Johnny Appleseed has fascinated me for quite a while. It seemed clear to me that he was planting what would become the rootstock for future orchards – later settlers need only pay the grafting man with his collection of grafts of edible apples and you’d have a viable orchard.

But then along comes someone like Michael Pollan (and people quoting him) to say that Chapman was really spreading alcoholic cider, because those extremely heterozygositic apples won’t breed true, and the fruit more than likely would be gnarly and sour and good only for crushing in a cider mill and making apple hooch. And we know that Chapman thought it was even to graft, or even prune his trees.

Except that the people who bought the orchards Chapman planted probably didn’t share his extremist views, and would be perfectly happy grafting new shoots onto that rootstock.

On top of which, there’s evidently one of Chapman’s original apple trees, and you can buy grafts from it (Chapman would be shocked). They’re evidently sweet and good-tasting, and I’ve read about pies being made from them. So the fact is that at least some of Chapman’s “all natural” apples weren’t all unfit for anything but cider.

Except that it’s not really an effective defense mechanism. Apples have big, tasty fruits because they want animals to eat them, because in the process of eating them, we tend to transport the seeds. An apple tree with sweet fruits with tough, bitter skin is wasting all of that valuable sugar for nothing.

Naw, the horses loved them. A person, or a horse or a bear, gets a lot of sweet delicious fruit under that skin. The insect just has a lot of tough skin to cut through.

My understanding is that before Prohibition, everyone drank cider. It’s delicious, and safer than water. And those seedling trees would have been totally useful.

Also, of course some of his trees produced tasty raw fruit. “Apples don’t breed true” doesn’t mean every seedling tree produces sour or bitter fruit, it just means that a lot of them do. And the vast majority produce fruit that’s inferior to the fruit of the select few trees that have been selected to be graded from. But those selected trees all started out as seedlings.

None of this contradicts anything I’ve written. Yes, I know that in early days people drank cider (and small beer) in preference to possibly infected water. And even ungrafted trees could produce edible apples. My beef is with the people claiming that Johnny Appleseed’s apples were ONLY good for cider. This seems to have become the popular line these days.

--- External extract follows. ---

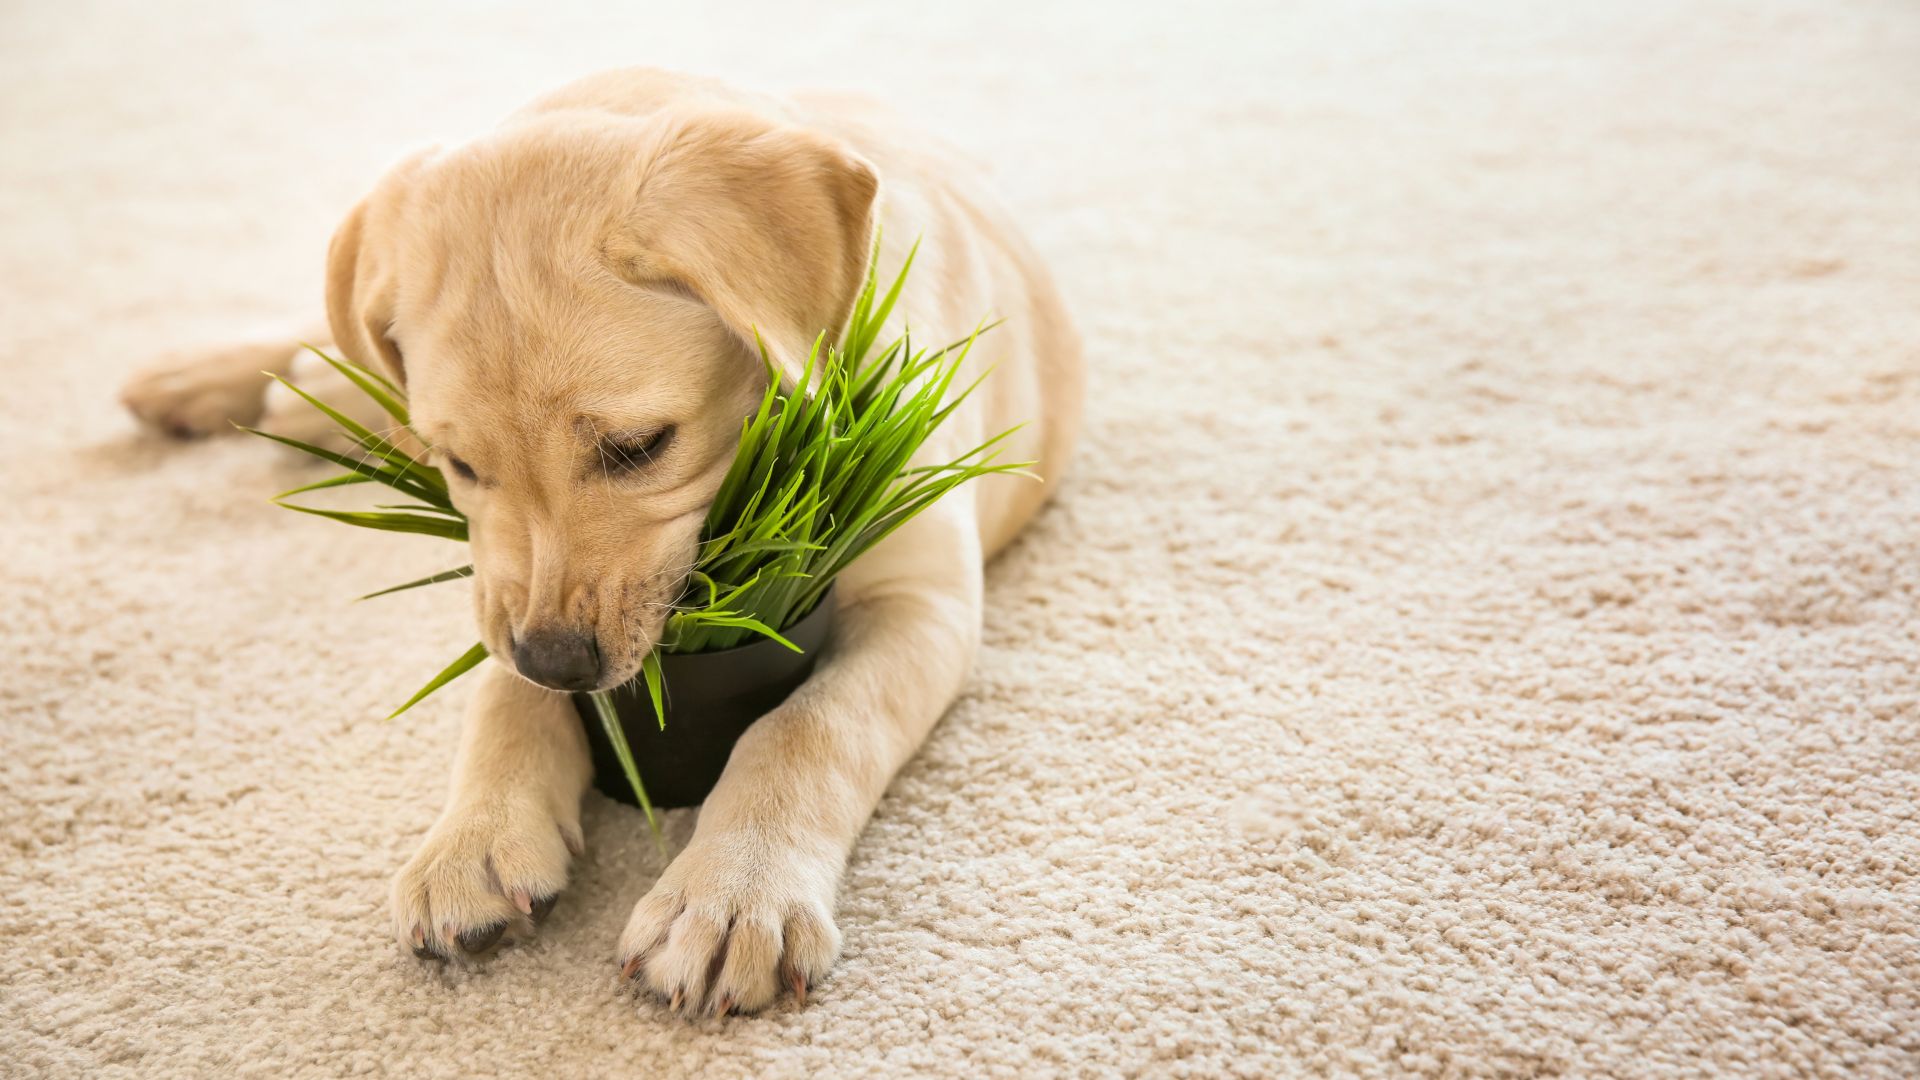 Cucciolo mangia una pianta

It’s true that more indifferent farmers just grew seedling apples, and ate the fruit of the tastier ones. It’s also true that even back then, there was a lot of demand for the better apples you could guarantee by grafting. But a lot of the crop went to cider, and only a little of it was eaten fresh. So “only good for cider”? No. But “primarily desired for cider”? Probably.

Also, it’s a shame there’s not more small beer on the market today. It’s really much nicer than the stuff they make that’s better to get drunk on.